Evolution for Everyone — David Sloan Wilson on CBC.

David Sloan Wilson is Distinguished Professor of Biology and Anthropology at Binghamton University in New York and author of Unto Others, Darwin’s Cathedral, and most recently Evolution for Everyone. I confess that I have not yet read the book, though it is near the top of my pile. (Dr. Wilson and I are on the editorial board of Evolution: Education and Outreach, and he was kind enough to have copies sent to all of us).

On Saturday I happened to be listening to the radio and caught an interview with Dr. Wilson on CBC’s Quirks and Quarks program. You can listen here to a discussion of the book and his ideas about evolution, morality, religion, and other subjects. (Another connection: the host, Bob McDonald, received an honourary Doctor of Letters degree from the University of Guelph at the same convocation at which I received my degree).

Enjoy.


Nonsense from home.

I grew up in and around the small city of Orillia, Ontario. It is a charming place, and was both the hometown of Gordon Lightfoot and the summer home of Stephen Leacock, in the latter case serving as the inspiration for his Sunshine Sketches of a Little Town.

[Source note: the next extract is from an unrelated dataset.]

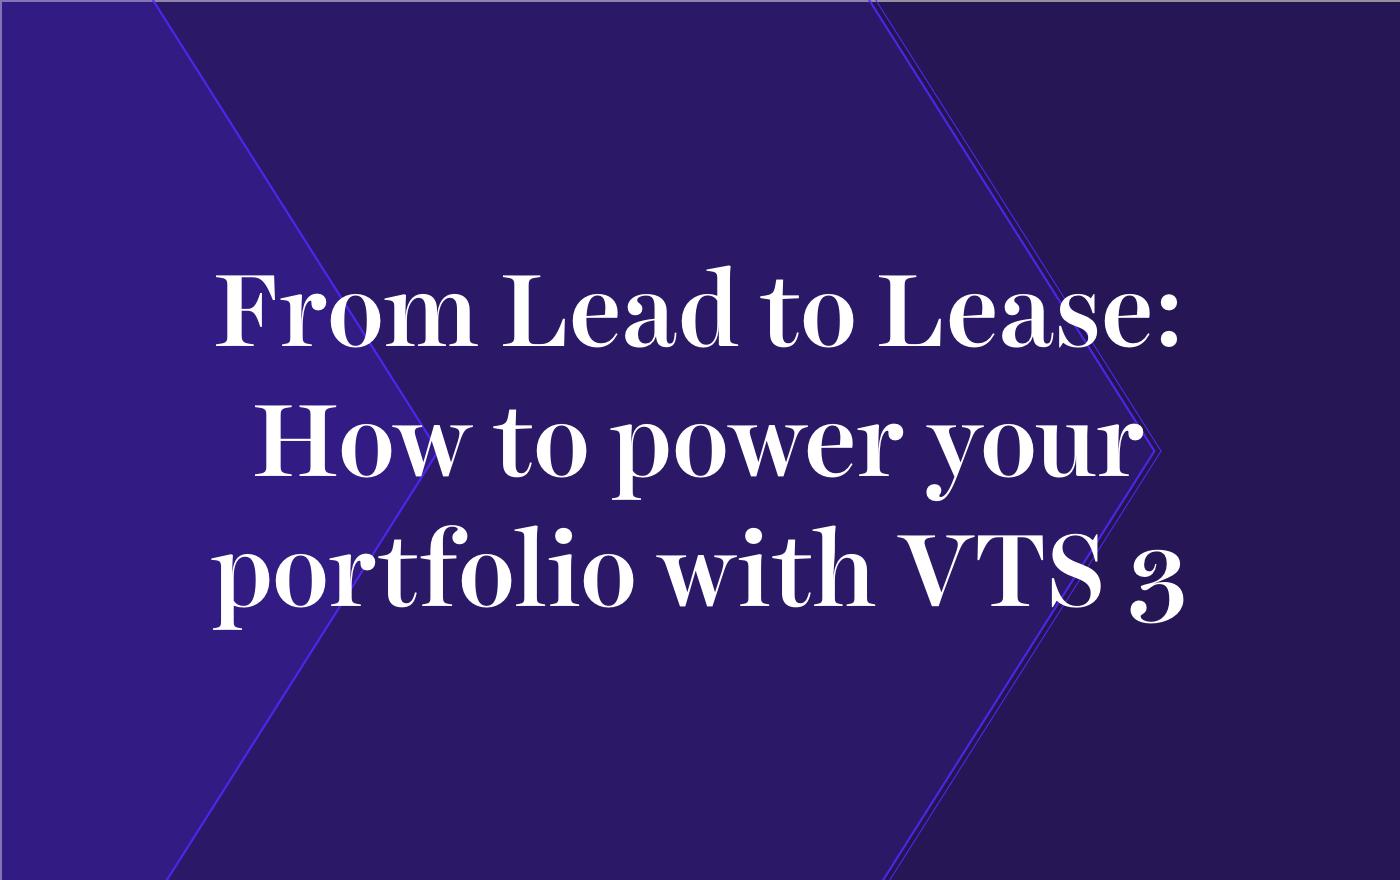 VTS - The #1 Leasing & Asset Management Platform

My parents (both since re-married) still live in the area, and I try to get home when I can as a good son should. They also make sure that I am kept up to date with local news of interest, which mostly means stories about the hospital administration’s shenanigans (my mother is a nurse and her husband is an MD, both recently retired and glad of it) and the amazing community project for Zambia that my father and stepmother are hard at work planning.

In addition, my mother enjoys sending me things like the following letter, which appeared in one of the local newspapers. This is, I think, the third rant by a creationist that I have seen in print from this or the smaller paper. A previous one claimed that no one had ever considered the evolution of plants, and thus that creationism must be accurate. I have many botanist colleagues who would be surprised to learn of this omission. In light of the recent poll results that show only 51% of Ontarians accept evolution, I think it is informative. This, by the way, is a lower total than for the USA as a whole, which I find disconcerting. To be fair, the results would probably depend heavily on which part of the province they sampled. Rural areas and small towns differ considerably from the larger cities in various socio-political attitudes. Frankly, I don’t have the time or energy to correct the factual errors and logical fallacies in this latest letter, so I will just post it for your enjoyment (original source).

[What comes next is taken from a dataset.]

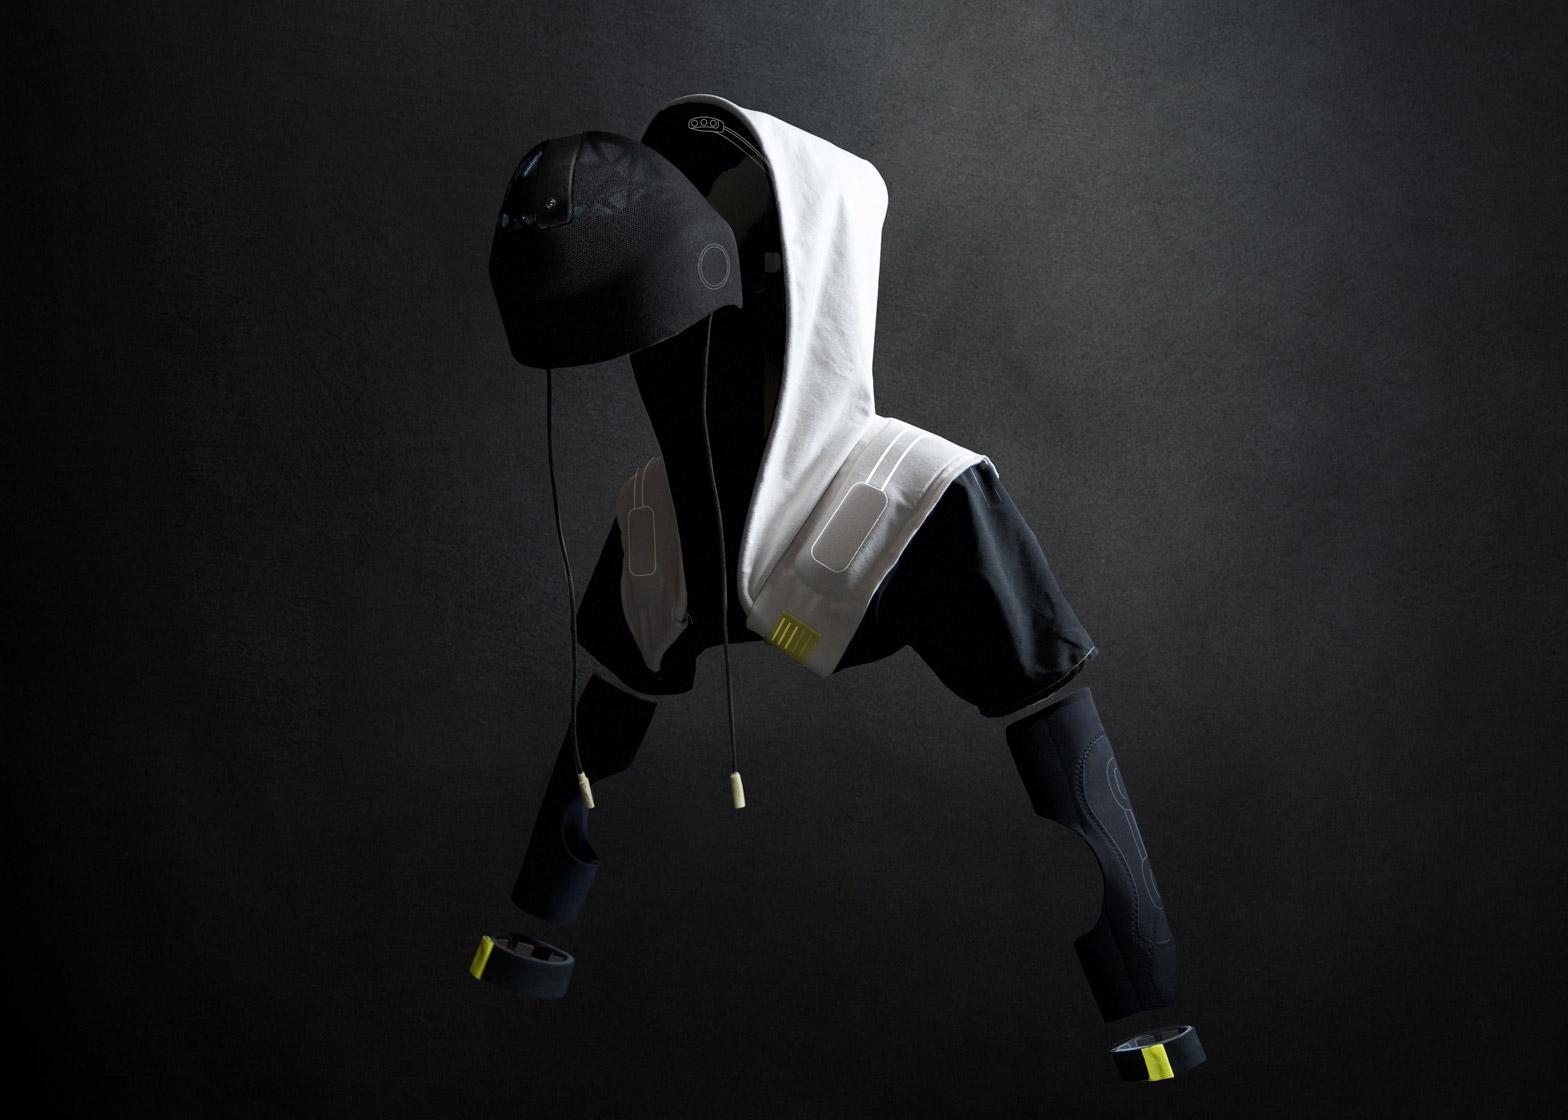 vr-hoodie-artefact-design-technology-virtual-reality-gaming_dezeen_1568_7

Evolutionists have their heads in the sand
Orillia Packet & Times
Editorial – Wednesday, May 23, 2007 @ 09:00

Letter to the editor:

Re: M. Brown’s letter “Atheism; a sensible alternative to some”

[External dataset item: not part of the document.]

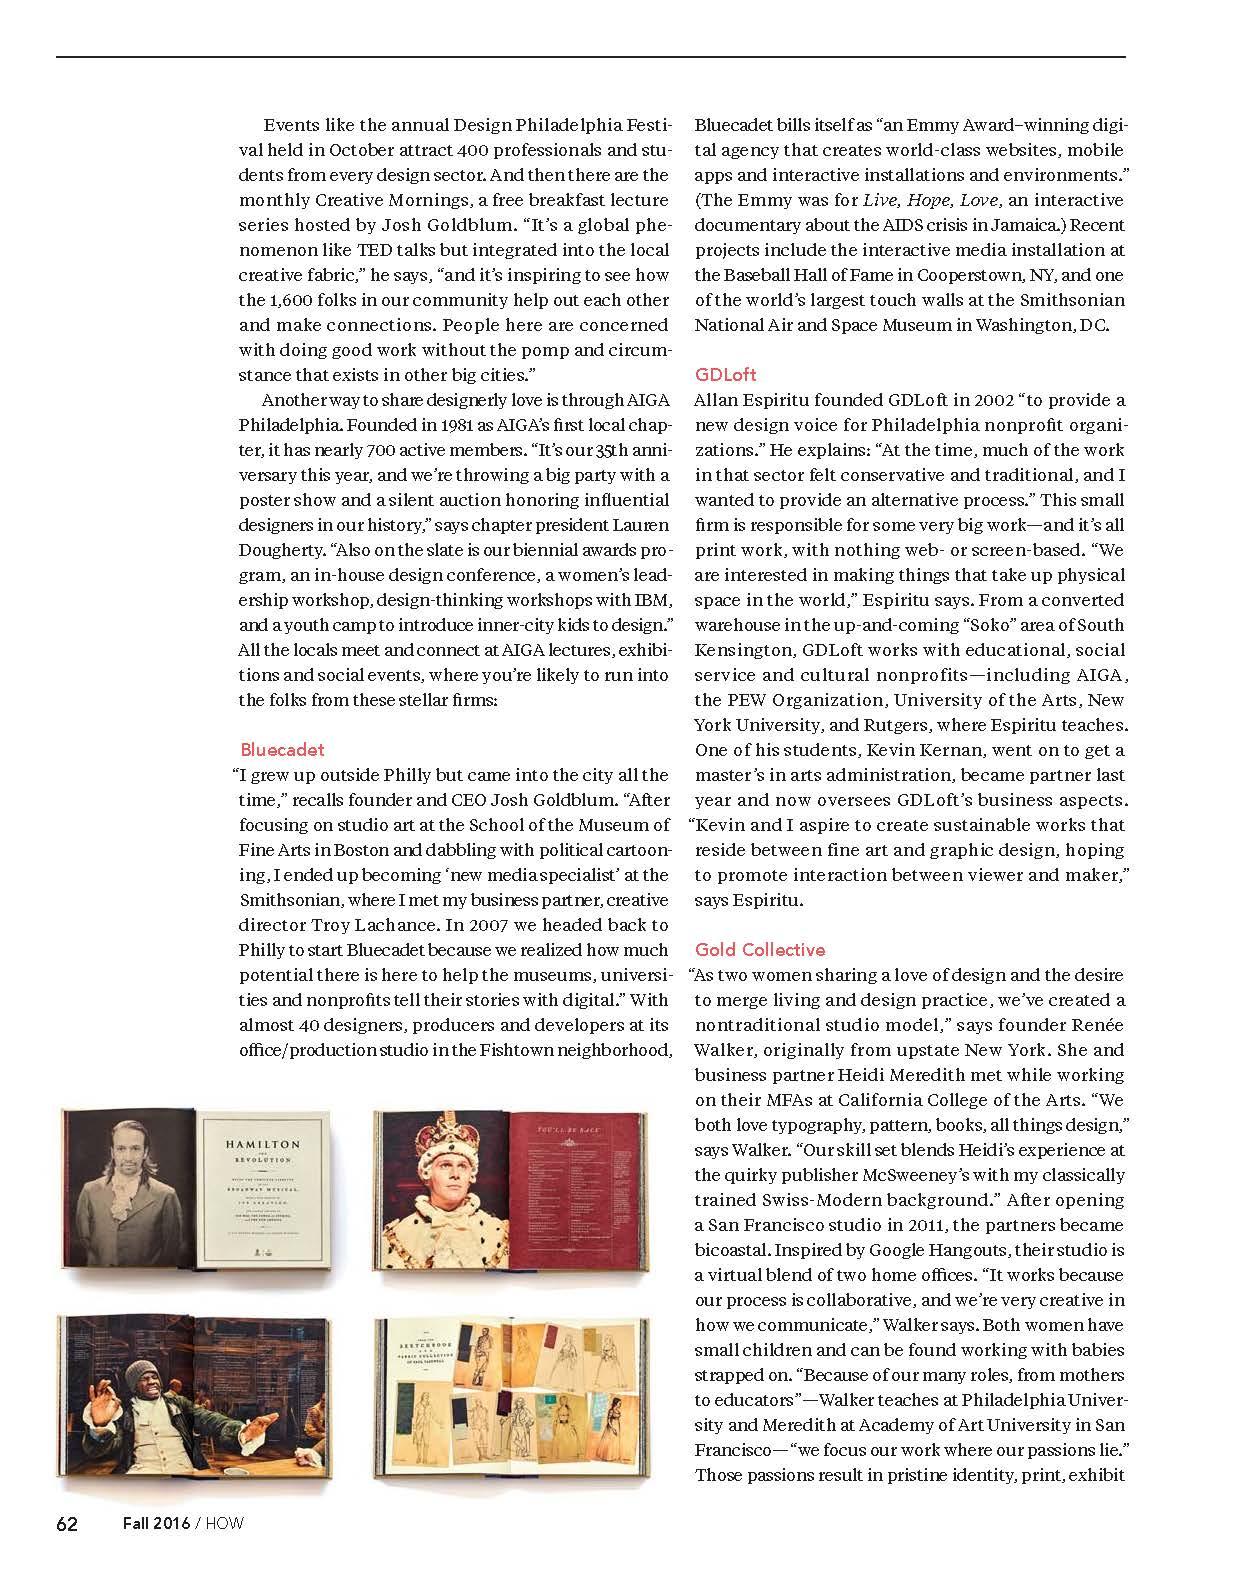 HOW_Philadelphia City of Designerly Love (1)_Page_4.jpg

Atheism: the belief that there is no God. Mr. Albert Einstein, the great theoretical physicist, upon having been asked how much he knew about what there is to be known, said he thought he might know about one hundredth of one per cent without doubt. Most of us know less than he did. All of which leads one to wonder how a person can come to conclude that “there is no God, no creator, no higher intelligence,” when we realize how little we know about anything in general, and origins and beginnings in particular.Atheism does not seem very sensible.

To deny evolution, Mr. Brown writes, is like putting one’s head in the sand, and to dismiss it because we still have apes, is ignorant. Well, where is the evidence for the theory? Where are all the in-between transitional life forms that Mr. Darwin and his followers were sure to be found in the fossil record? After all the digging and searching of the last 150 years, out of hundreds of thousands of fossil discoveries, there is not one clear-cut sample, when there should have been thousands. Dr. Colin Patterson, an evolutionist who was senior paleontologist at the prestigious British Museum of National History and a world-renowned fossil expert, wrote the following about his book entitled “Evolution:” “I fully agree with comments on the lack of direct illustration of evolutionary transitions. If I knew of any, fossil or living, I would certainly have included them. I will lay it on the line; there is not one such fossil for which one could make a watertight argument.”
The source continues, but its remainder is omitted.